Training metrics show a systematic negative bias **at step 1** (before any
weight update):

- `actor/ratio_mean` consistently below `1.0` (e.g. `0.99996`)
- `actor/ppo_kl` and `actor/pg_clipfrac` inflated at step 1
- `actor/pg_clipfrac_higher` is **zero** — all clipping on the lower side
- Most visible with rollout correction (`bypass_mode=True`), but also
  degrades stored trajectory precision in standard training.

### Root cause

`FlowMatchSDEDiscreteScheduler.step()` computes `log_prob` in **float32**
using the fp32 `prev_sample`, then **casts `prev_sample` back to
`model_output.dtype` (bfloat16)** before returning.  The stored latents
lose precision, creating a mismatch with the log-prob computation.

### Fix

Two changes in the scheduler, one in the rollout adapter.
The training adapter is **unchanged** — it already uses fp32 correctly.

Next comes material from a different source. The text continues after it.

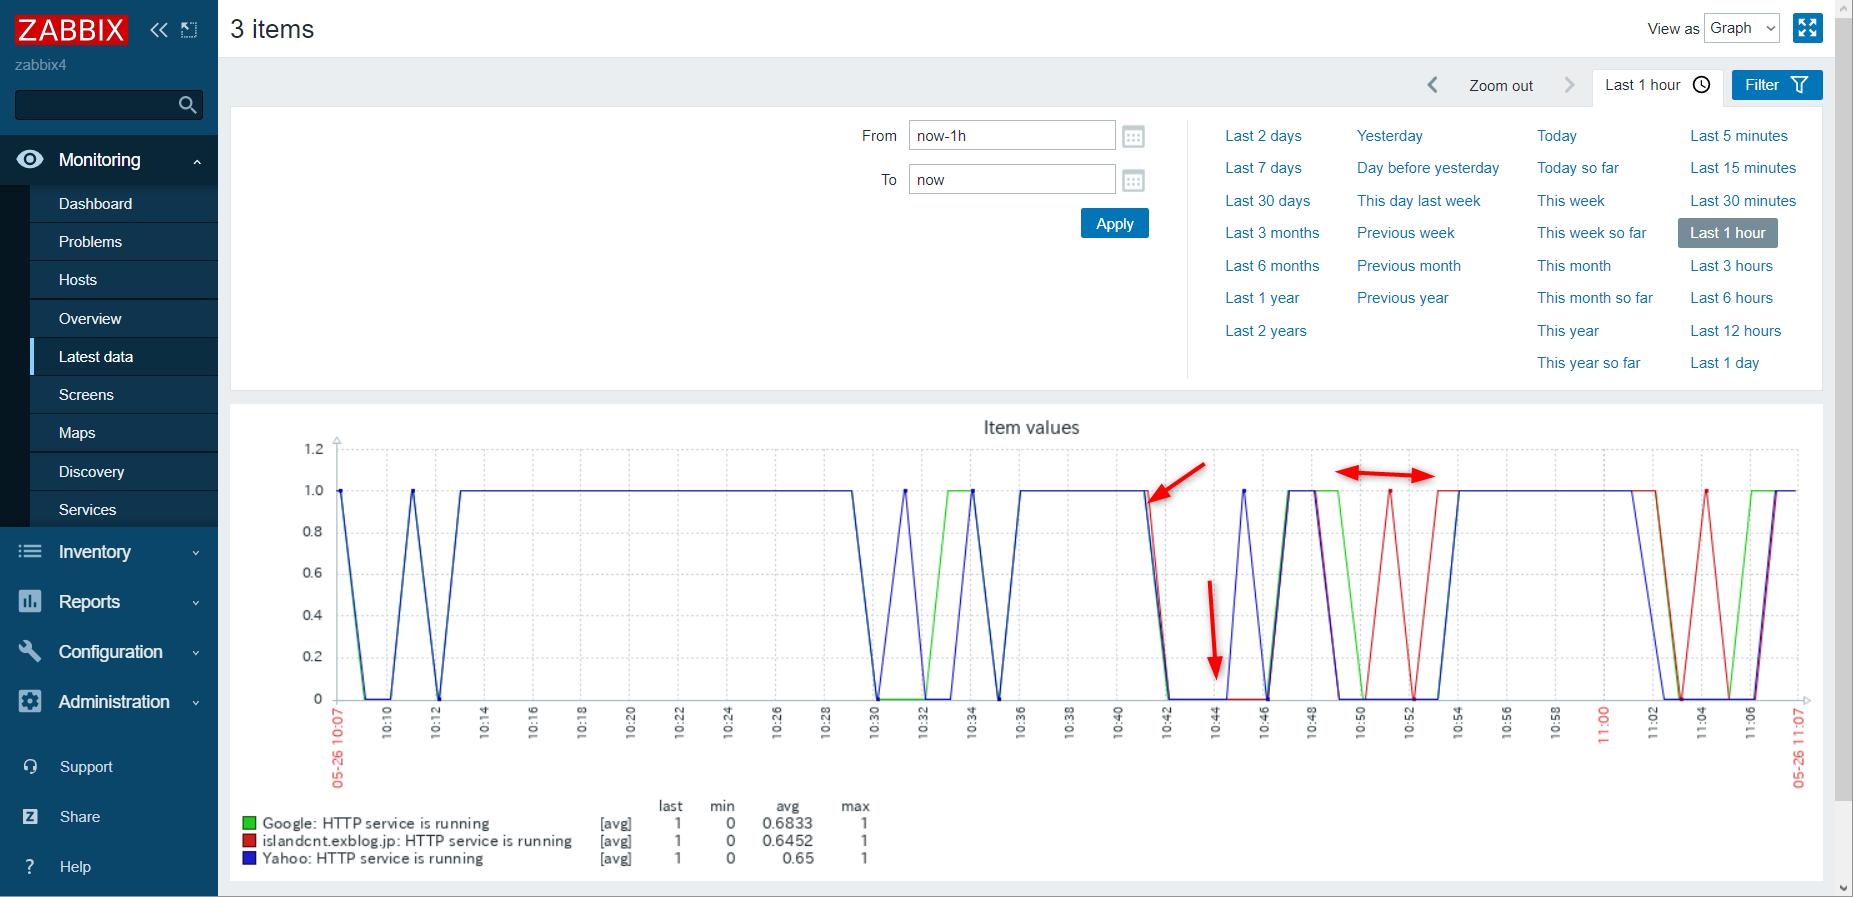 zabbix5 でインターネットの疎通、監視、リモートワーク時代の「ネットが遅い」をチェック_a0056607_12252509.png

**1. Scheduler** — `step()` no longer truncates `prev_sample` to bfloat16,
and `sample_previous_step()` asserts `model_output` is float32 so callers
cannot accidentally pass lower precision.

**2. Rollout adapter** — latents are cast to the transformer's native dtype
before the forward pass (performance), noise_pred is cast to float32 before
the scheduler (precision), and all stored latents are in float32.

### Verification

The fix eliminates the systematic precision-loss bias from the scheduler.
In non-bypass mode (no rollout correction) `ratio_mean ≈ 1.0` at step 1.
In bypass mode a ~3×10⁻⁵ KL divergence remains due to the vLLM vs PyTorch
attention kernel difference, which is unavoidable when using different
inference backends.

| Metric | Before fix (bypass) | After fix (bypass) | No bypass |
|---|---|---|---|
| `actor/ppo_kl` | ~3.6×10⁻⁵ | ~3.3×10⁻⁵ | ~1×10⁻⁶ |
| `actor/pg_clipfrac` | ~12% | ~9% | ~1% |